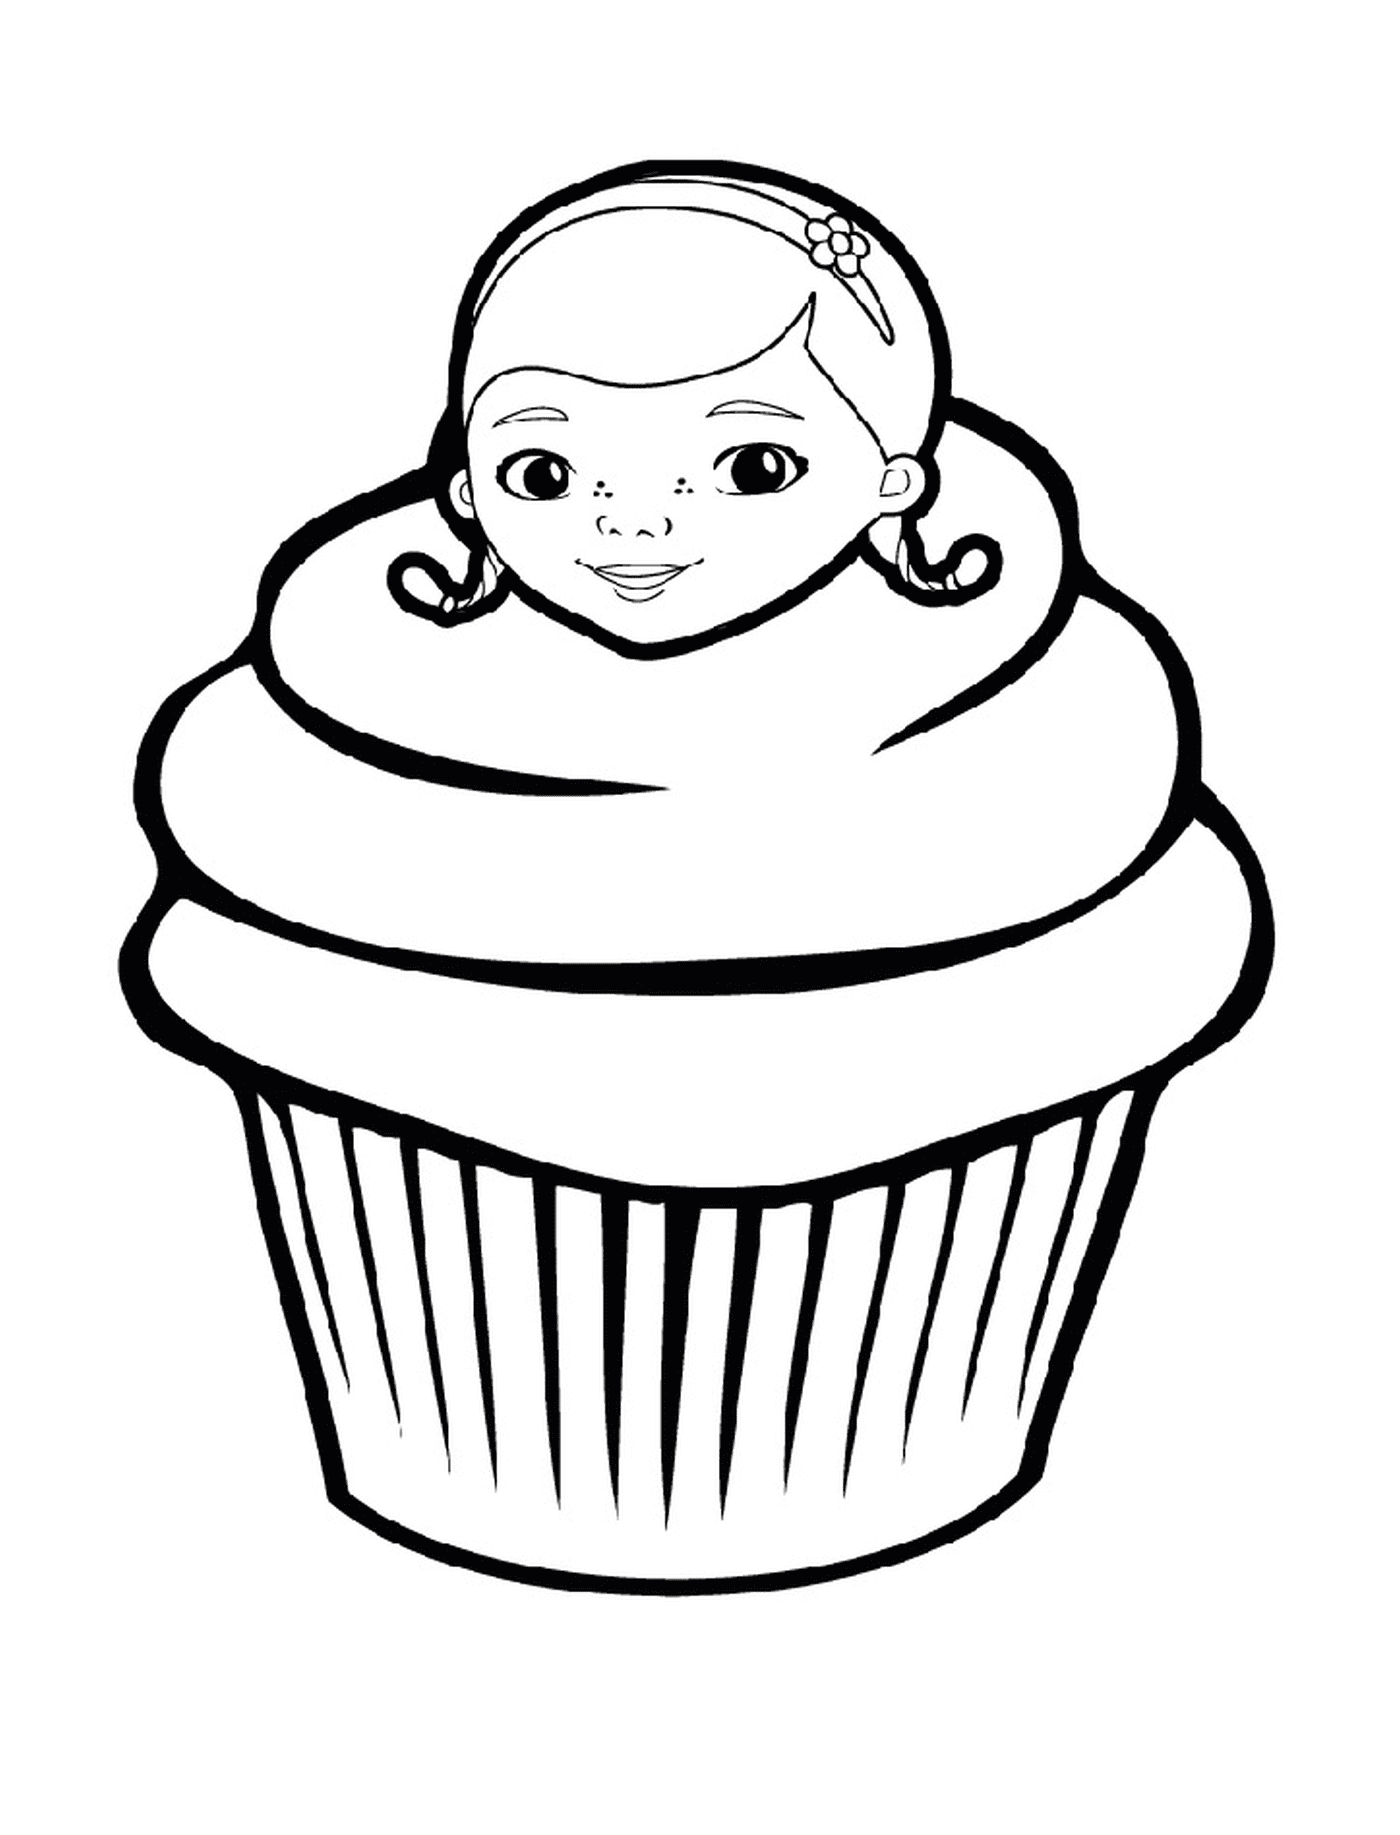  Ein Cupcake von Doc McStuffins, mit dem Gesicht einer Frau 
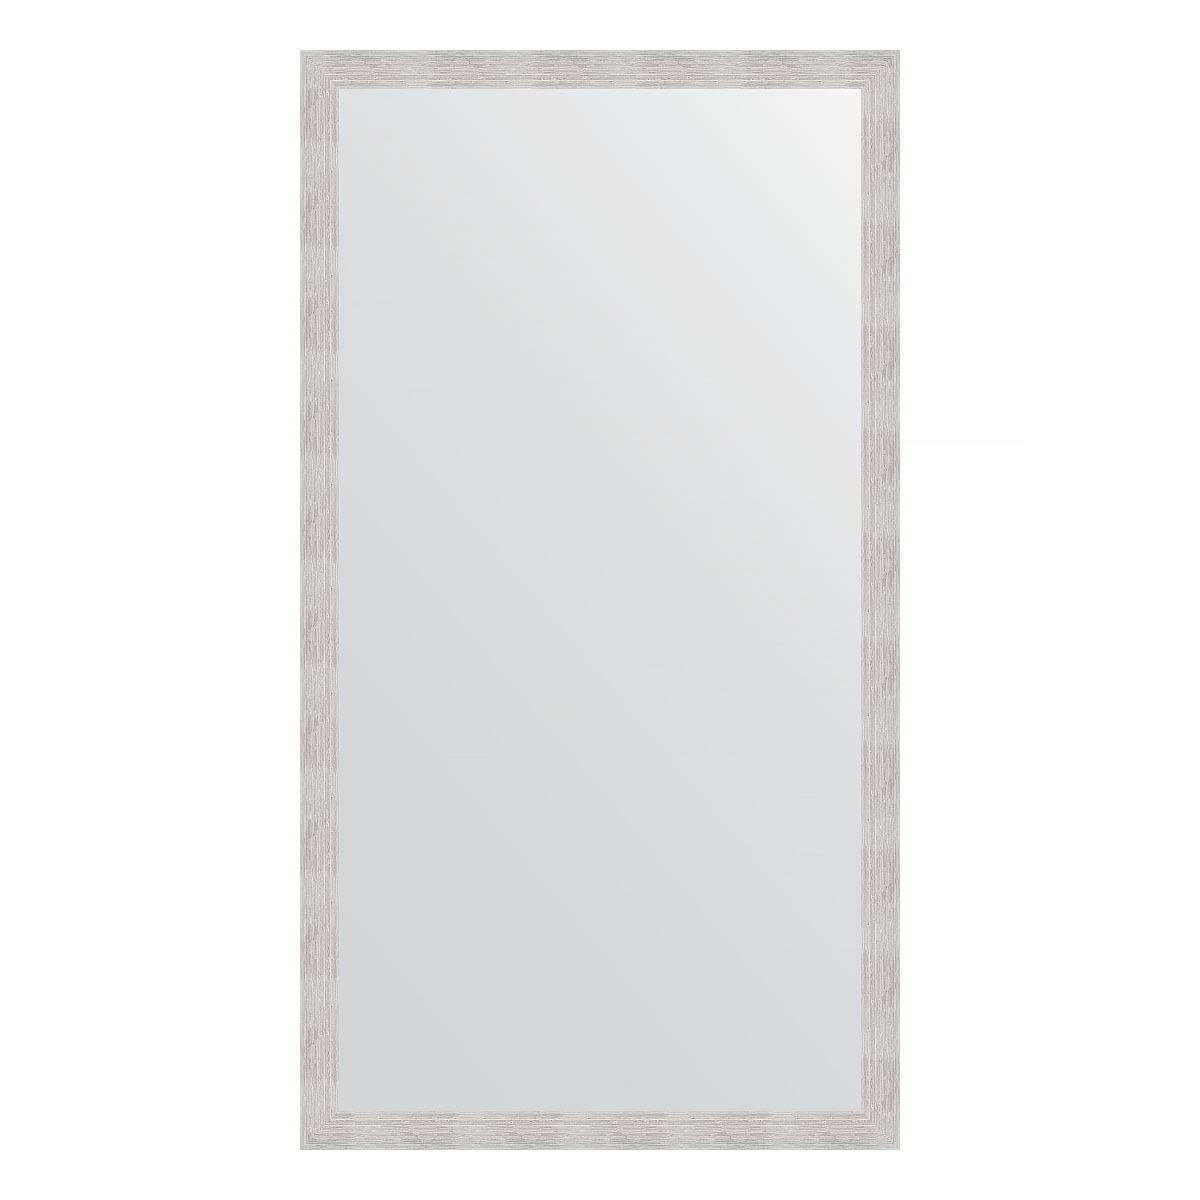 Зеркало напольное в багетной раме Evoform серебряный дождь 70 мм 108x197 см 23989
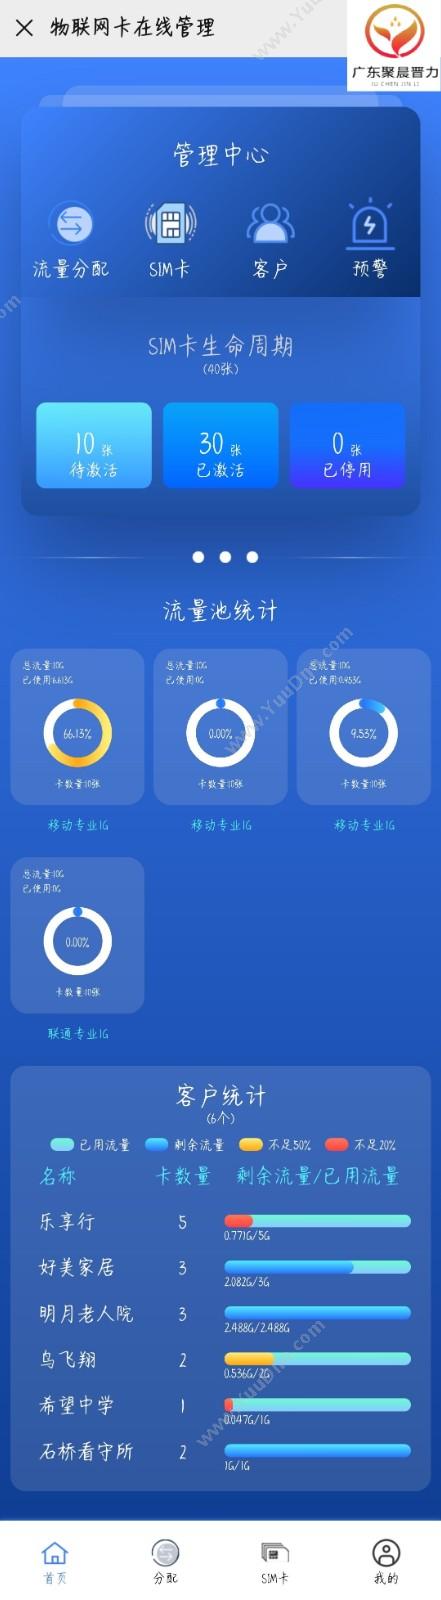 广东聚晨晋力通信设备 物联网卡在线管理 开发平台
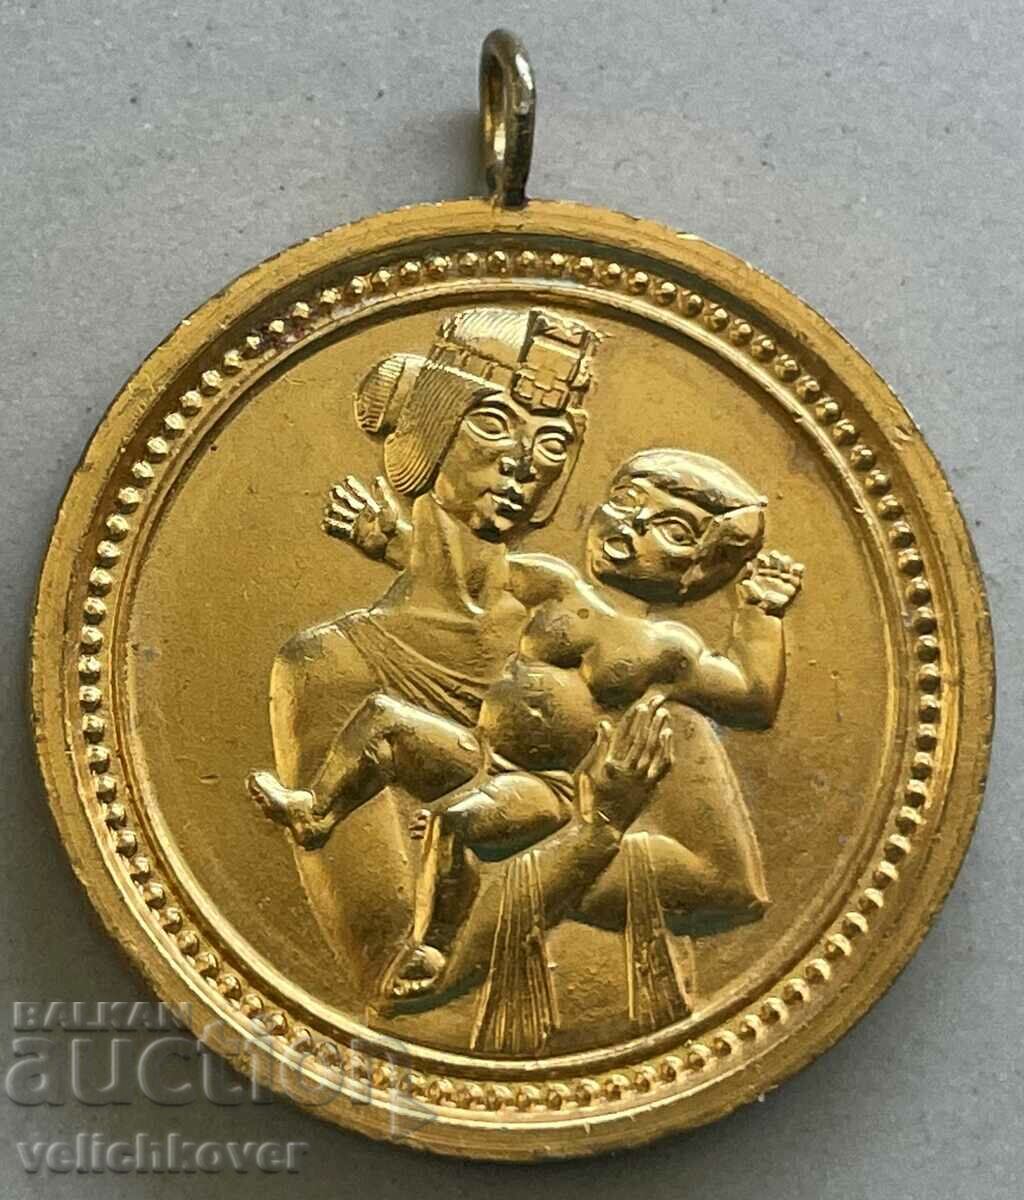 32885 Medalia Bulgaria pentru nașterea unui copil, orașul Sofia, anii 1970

-- Assignment --
After locating the line that contains "广东聚晨晋力通信设备 物联网卡在线管理 开发平台", output it and all later lines through the end of the material exactly, leaving out pictures.

-- Result for this task --
 广东聚晨晋力通信设备 物联网卡在线管理 开发平台
 32885 Medalia Bulgaria pentru nașterea unui copil, orașul Sofia, anii 1970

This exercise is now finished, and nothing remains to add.